Nobody claimed they produced 60 X the power. In DC circuits Volts X Amps = Watts. 60 times the current does not equal 60 times the power if the voltage is not the same. The article is very clear, the voltage is way down. They make no power claims. It's even implied that the voltage is near zero. These panels may be less effecient than the curent generation. They are working on raising the voltage. Good luck and I hope they come out with some power figures soon.
The truth shall set you free!
Actually there is a far better technology out there which does what you talk about.
Lloyd Energy have developed a solar system which stores thermal power in the form of heat in huge blocks of graphite. You can then get that heat out and convert it to energy.

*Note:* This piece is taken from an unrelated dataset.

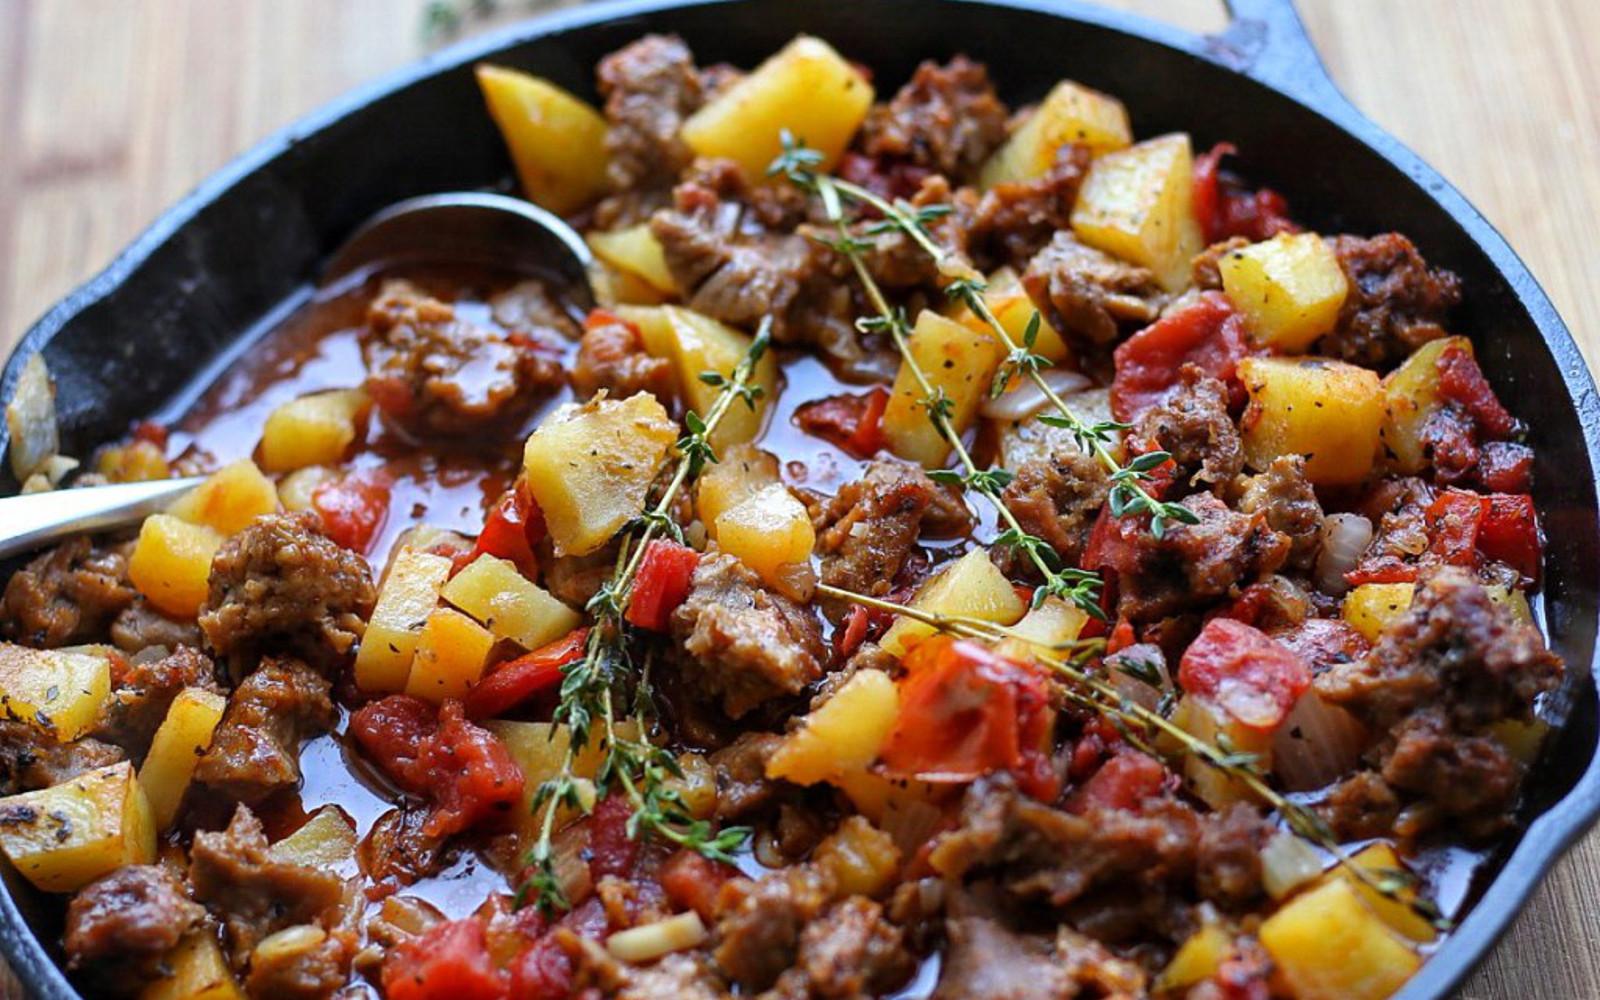 'Meat' and Potato Casserole

This has two uses - taking power at off peak rates and storing it, selling it back to the market when the spot price of electricity is high, and the other is to focus a series of mirrors on the graphite so that it heats up, storing the energy for use whenever you wish.
The issue with this system is that it's slightly more expensive, but it can be used profitably by selling back to the grid at peak times (when power sometimes costs up to $10 000/MWh in Australia).
This is one of those grand myths that the public just can't shake. Photovoltaic's have a very good energy return on investment (EROI).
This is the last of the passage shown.